The shooting sent shock waves through the military shipbuilding community and the country, with many wondering how a child so young could access a gun and shoot his teacher.
Zwerner no longer works for the school district and has said she has no plans to teach again. It was revealed in court Wednesday that she has become a licensed cosmetologist.
Zwerner answered questions on the stand for more than an hour.
A physician testified Wednesday that Zwerner can’t make a tight fist with her left hand, which has less than half its normal grip strength.
Former assistant principal Ebony Parker is accused of failing to act after several people voiced concerns to her in the hours before the shooting that the student had a gun in his backpack.
Zwerner testified she first heard about the gun prior to class recess from a reading specialist. The shooting happened a few hours later.
Despite her injuries, Zwerner was able to hustle her students out of the classroom. She eventually passed out in the school office.
“The moment went by very fast,” she said.

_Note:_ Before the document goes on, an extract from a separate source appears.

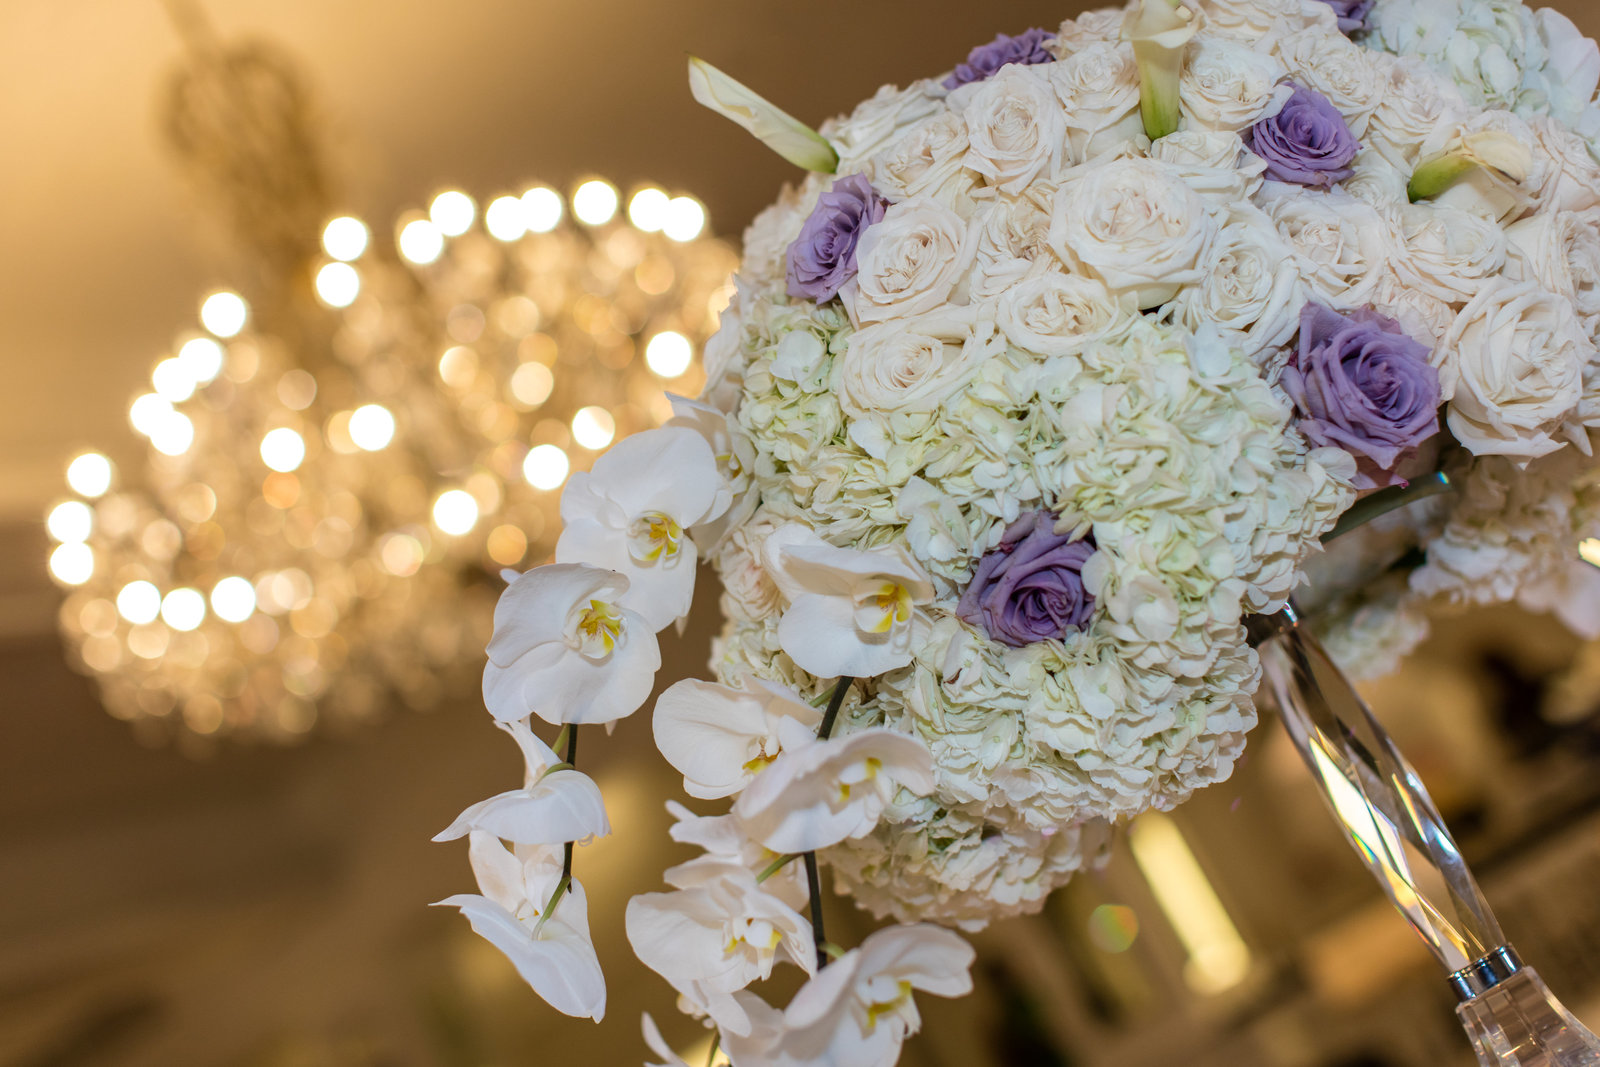 white hydrangeas, purple and ivory roses, lily

Parker is the only defendant in the lawsuit. A judge previously dismissed the district’s superintendent and the school principal as defendants.
Parker faces a separate criminal trial next month on eight counts of felony child neglect. Each of the counts is punishable by up to five years in prison upon a conviction.
The student’s mother was sentenced to nearly four years in prison for felony child neglect and federal weapons charges. Her son told authorities he got his mother’s handgun by climbing onto a drawer to reach the top of a dresser, where the firearm was in his mom’s purse.